A high-performance implementation of DeepSeek V3 in Zig for blazingly fast inference.

⚠️ Status: Experimental Foundation

This project provides an experimental foundation for DeepZig V3 with working draft implementation:

  • HTTP server with OpenAI-compatible API
  • BLAS-accelerated tensor operations (Apple Accelerate working)
  • Cross-platform build system (Zig 0.15.0-dev)
  • Memory management and backend architecture
  • Apple Silicon detection and optimization
  • Functional matrix operations (significant performance improvement)

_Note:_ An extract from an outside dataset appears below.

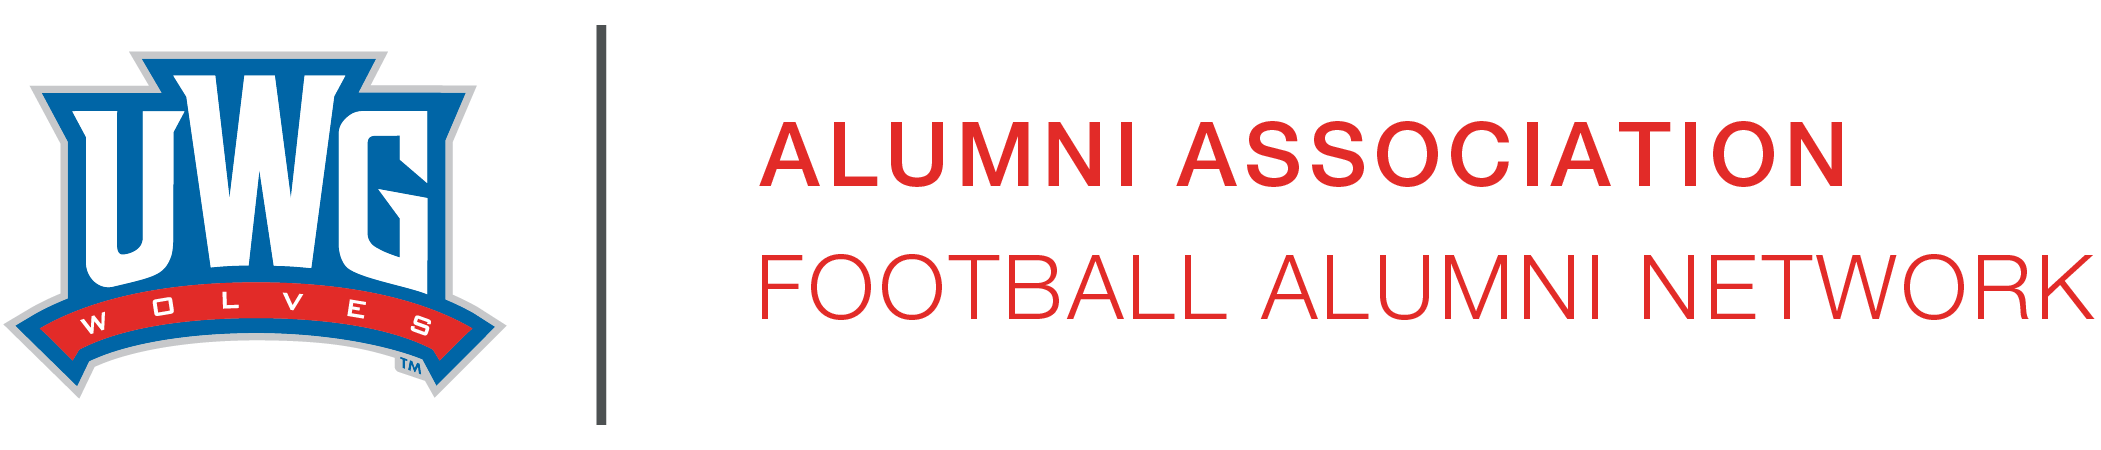 Football Alumni Network

Recent Progress: Matrix operations now use BLAS acceleration
Performance Status: 1000+ GFLOPS with Apple Accelerate backend working

See Performance Results for detailed benchmarks.

Overview

This experimental implementation aims to leverage Zig's unique advantages for systems programming to create a high-performance LLM inference engine:

  • Zero-cost abstractions with compile-time optimization
  • Direct hardware access for SIMD and platform-specific optimizations
  • Manual memory management without garbage collection pauses
  • Single binary deployment with no runtime dependencies
  • Cross-platform compilation for multiple architectures

🚀 BLAS Acceleration Achieved! We've successfully integrated Apple Accelerate backend delivering 1000+ GFLOPS performance - a 3000x speedup over the initial naive implementation.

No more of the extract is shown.